По мере увеличения военно-силового и технологического отрыва США от своих ближайших партнеров по Североатлантическому Альянсу Вашингтон  все чаще стал склоняться к максимальной самостоятельности при проведении боевых операций высокого уровня интенсивности, позволяя европейским союзникам  принимать лишь ограниченное участие  в военных кампаниях, подтверждением чему стали фактически односторонние  военные акции США в Афганистане (2001 г.) и Иране (2003 г.)15.

Вступление Соединенных  Штатов Америки в провозглашенный  Дж. Бушем «новый мировой порядок» начала 1990-х гг. не сразу спровоцировало Вашингтон к отказу от многосторонних обязательств перед союзниками и  резкому повороту к унилатерализму во взаимоотношениях с внешним миром. Более того, окончание советско-американской конфронтации было воспринято администрацией Дж. Буша (старшего) как исторический шанс для укрепления и расширения американо-европейского институционального сотрудничества, которое, по мнению президента, помогло Западу одержать победу в «холодной войне».

Подобно республиканской  администрации Дж. Буша, внешнеполитическая команда президента Б. Клинтона также  предпочитала стиль поведения на мировой арене, который в определенном смысле можно охарактеризовать как  «демократическое лидерство», проявлявшееся  в приверженности многосторонним институтам с американским участием. Хотя демократы  не отказывались полностью от традиционных военно-силовых, подчас даже односторонних, методов, в общих чертах их стратегия  управления миром была нацеленна  на укрепление руководимых Вашингтоном  многосторонних структур, с помощью  которых США пытались вовлечь  другие государства (в том числе  бывших противников) в систему международных  отношений, выстроенную на основе опосредованного  американского лидерства, а не прямого  военно-силового диктата. Именно такой  подход лег в основу внешнеполитической программы демократов, получившей свое документальное выражение в «Стратегии расширения и вовлечения», которая  была обнародована в 1995 году16.
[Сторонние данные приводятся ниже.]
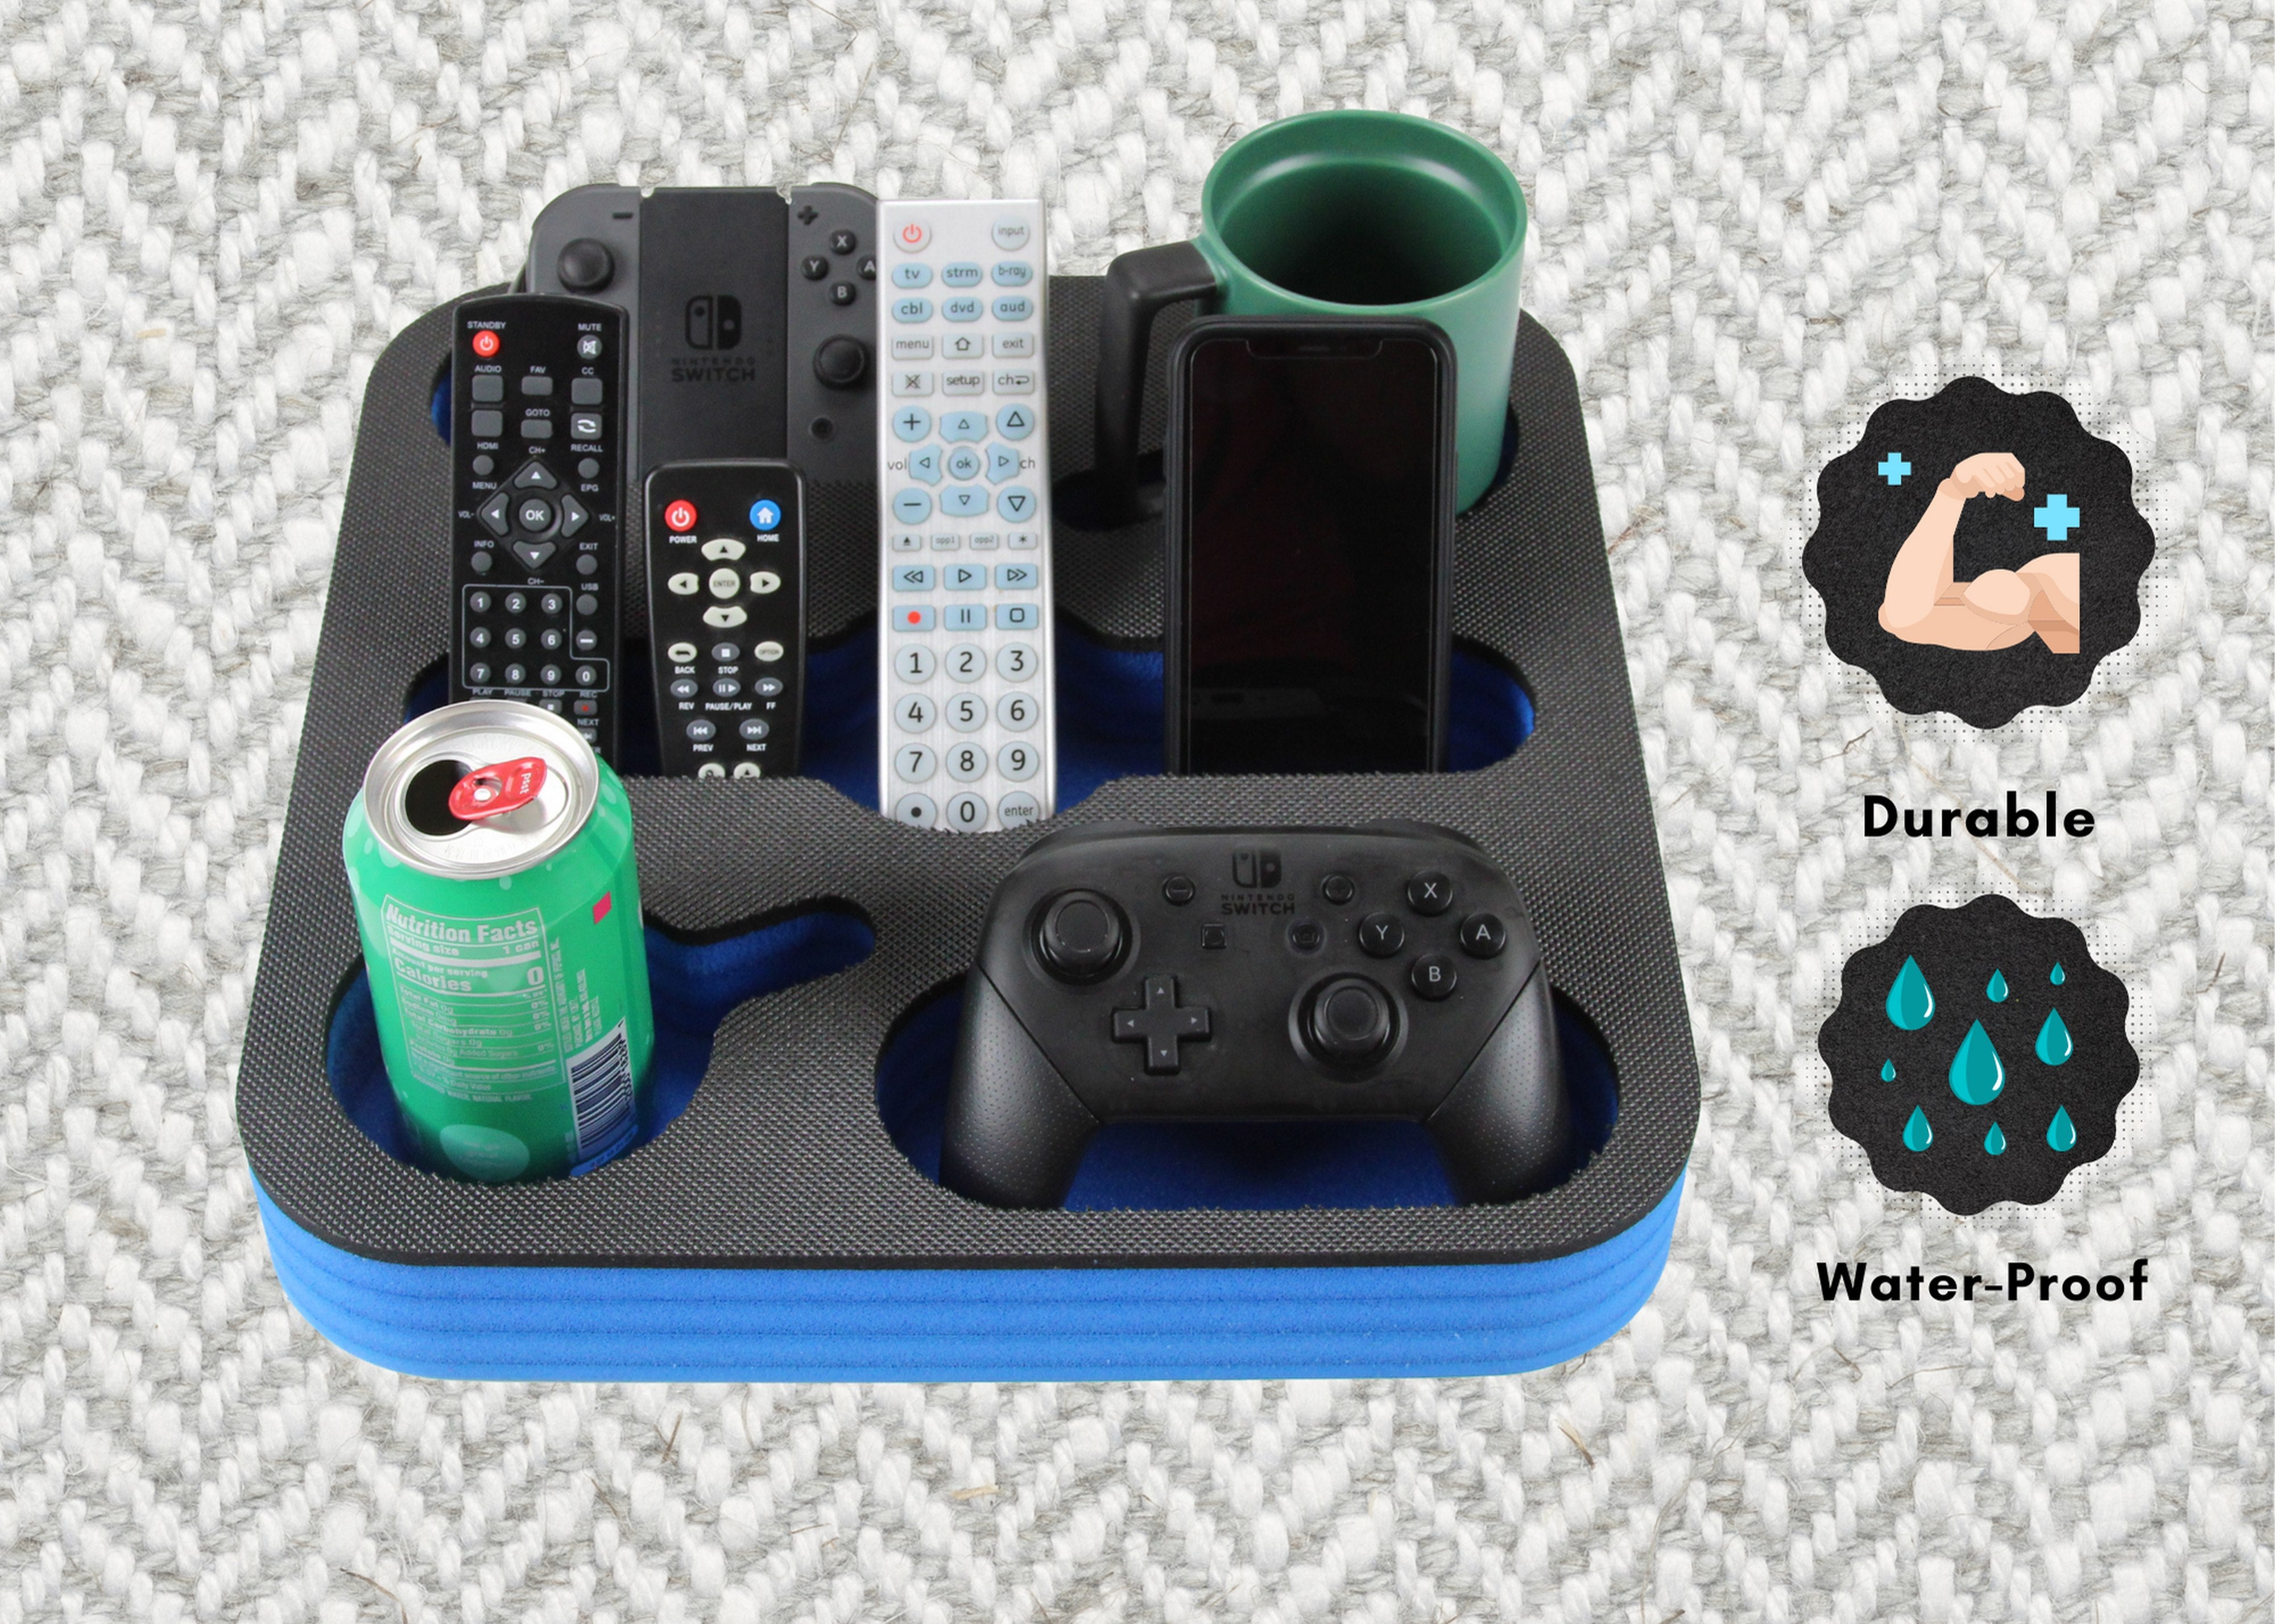 Couch Drink Holder Refreshment Tray for Sofa Bed Floor Car RV Lounge TV Room Durable Foam 5 Compartments 2 Game Controller Slots 13.75 Inches Wide

Тем не менее, реализация субъективных предпочтений лидеров администрации  Б. Клинтона, была значительно затруднена внутри и внешнеполитическими препятствиями  объективного порядка. Именно последние, в конечном счете, привели к тому, что в практической политике приверженность США международным нормам, институтам и режимам в 1990- е гг. в немалой  степени ослабла, а Белый Дом  был вынужден отказаться от декларируемого на уровне заявлений «подчеркнутого мультилатерализма» (по определению  госсекретаря США М. Олбрайт) и перейти  к более осторожным формулировкам  своих внешнеполитических планов, которые  начали разрабатываться уже скорее в духе избирательного мультилатерализма и «амбивалентного вовлечения». По выражению президента Б. Клинтона, во взаимоотношениях с союзными странами и международными организациями Вашингтон намеревался придерживаться принципа: «действовать вместе по возможности, в одиночку, по необходимости»17.

Концепция унилатерализма завоевала  признание на самом высоком, государственном  уровне с приходом к власти администрации  Дж. У. Буша в 2000 г. Сам факт смены  правящей администрации сыграл немалую  роль в корректировке внешнеполитического  и оборонного курса Вашингтона, в  основу которого были положены принципы «избирательного вовлечения». Они  подразумевали энергичное реагирование США на международные кризисы, только когда они затрагивают исключительно  американские интересы. Новый глава  государства пообещал усилить возглавляемые  Соединенными Штатами международные  союзы, если это не приведет к снижению эффективности последних.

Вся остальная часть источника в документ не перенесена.